By the early 1930s, the Cape Verdeans were the dominant part of the cranberry labor force. That they were non-white in a nation where whiter immigrant workers had more options makes this not surprising, even in Massachusetts. In 1929, with the Great Depression hitting hard, about half the Cape Verdeans lost their jobs. Ocean Spray was already the leader in the industry by this time and in 1931, that company faced a strike in Massachusetts. Again, this was brief, as the company president basically asked the workers where they were going to go and they didn’t have much of an answer to that, despite their desperation and poverty. But things just got worse and worse. Finally, in 1933, two farmworker organizers named Fred Wood and Daniel J. McIntosh started organizing the labor force. Even though they were white and the Cape Verdeans were not, many of the workers were quite interested. Moreover, the American Federation of Labor began showing greater interest as well in these workers. This was at the very beginning of the AFL being interested in any kind of farmworker organizing, which it had usually eschewed and left a big vacuum that the Industrial Workers of the World filled.
So in September 1933, about 1,800 cranberry workers were loosely affiliated members of the Cape Cod Cranberry Pickers Union. They applied for a charter with the AFL. They also demanded a return to 1929 wages. When the cranberry owners refused to negotiate, the CCCPU called a strike in some bogs and about 300 workers went on strike. So this was obviously a very small strike in the larger context of American labor history, but still important for this industry.
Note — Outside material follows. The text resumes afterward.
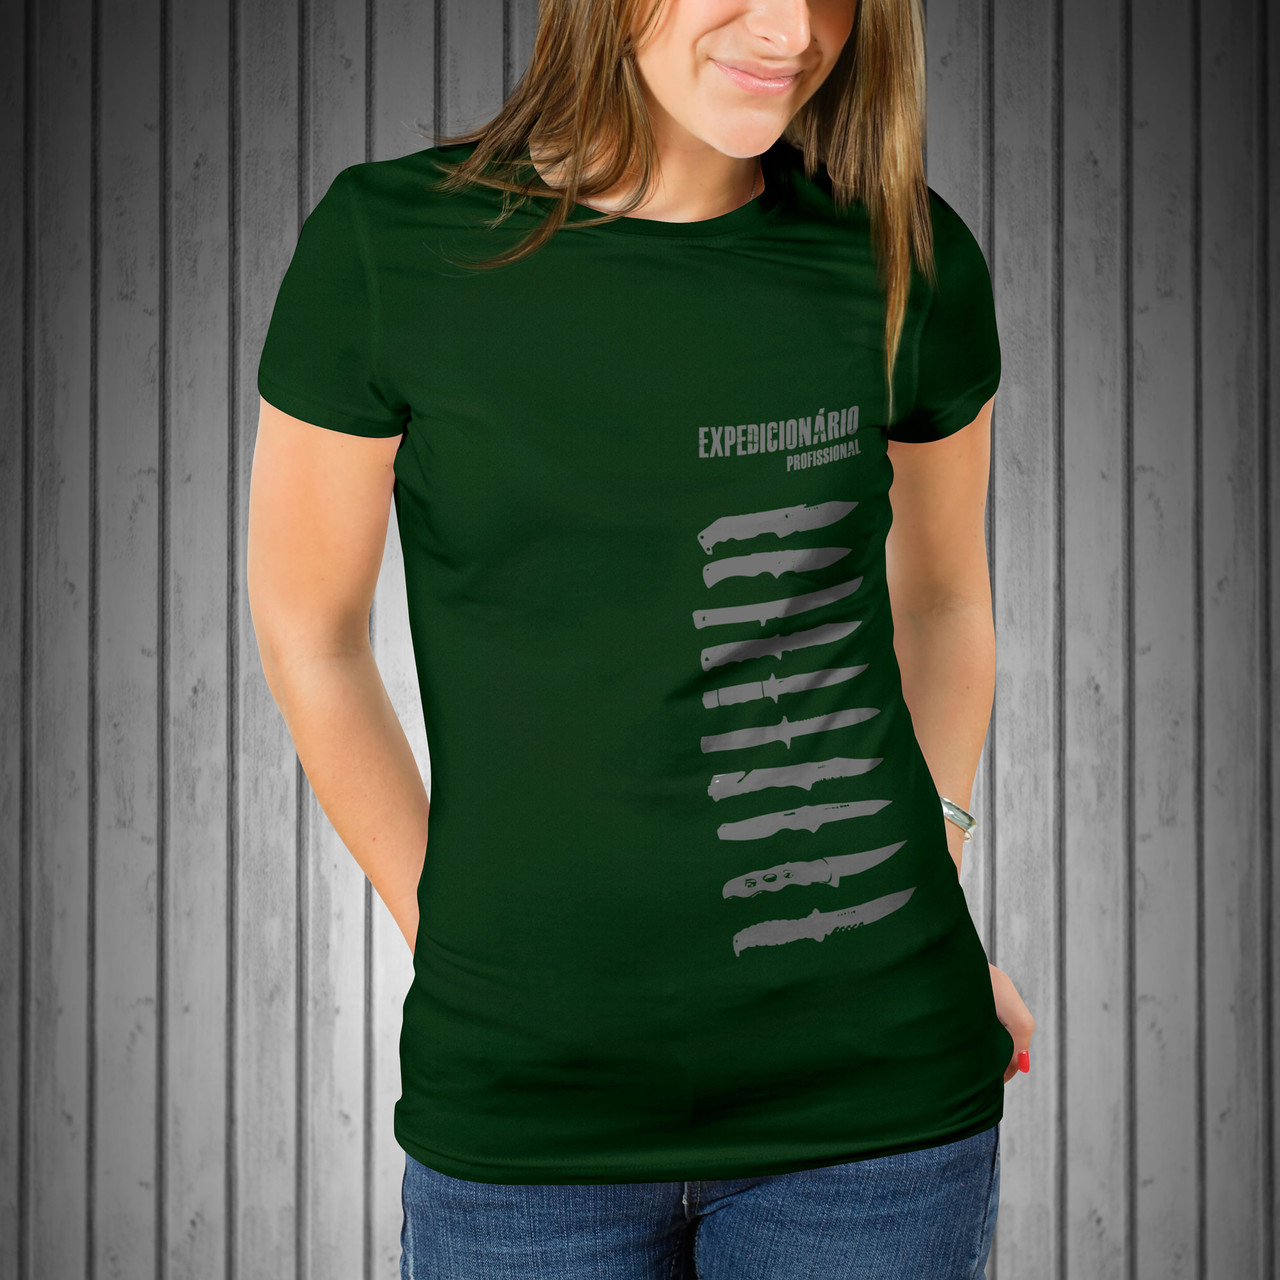 Female-Tshirt-Mockup-FrontVerde2 (1)

The next day, 1,200 additional workers in the region joined the strike.
Of course, industry crushed the strike quickly. There was no shortage of unemployed labor who would take the paltry 40 cents an hour the employers offered. The cops happily protected the scab workers. Then the growers had Wood and McIntosh arrested for fraud. See, law enforcement decided it was fraud to have workers sign union cards when the AFL had not yet officially chartered the union. Quite a commitment to impartial law enforcement there! The two organizers were sentenced to sixty days in jail for their real crime of organizing workers. The press of course played up all sorts of supposed threats of violence and the fear of workers communicating in Portuguese, which was of course their native language.
So the strike only lasted about three weeks and Americans would get their topping to make Thanksgiving food marginally edible. Another organizing effort in 1934 faced the same state violence. Although New Deal labor law gave more workers a chance to organize, farmworkers were excluded from the era’s labor law so it could pass muster with the southern politicians refusing to vote for anything that could empower rural southern Black workers. Then in 1940s, canned cranberry sauce became popular and that massively undermined the labor force since the employers didn’t have to worry about damaging the fruit through machine picking since it would be turned into a jelly anyway. Most of the workers were let go and there was only a rump of workers left. Some of them even today though are Cape Verdean.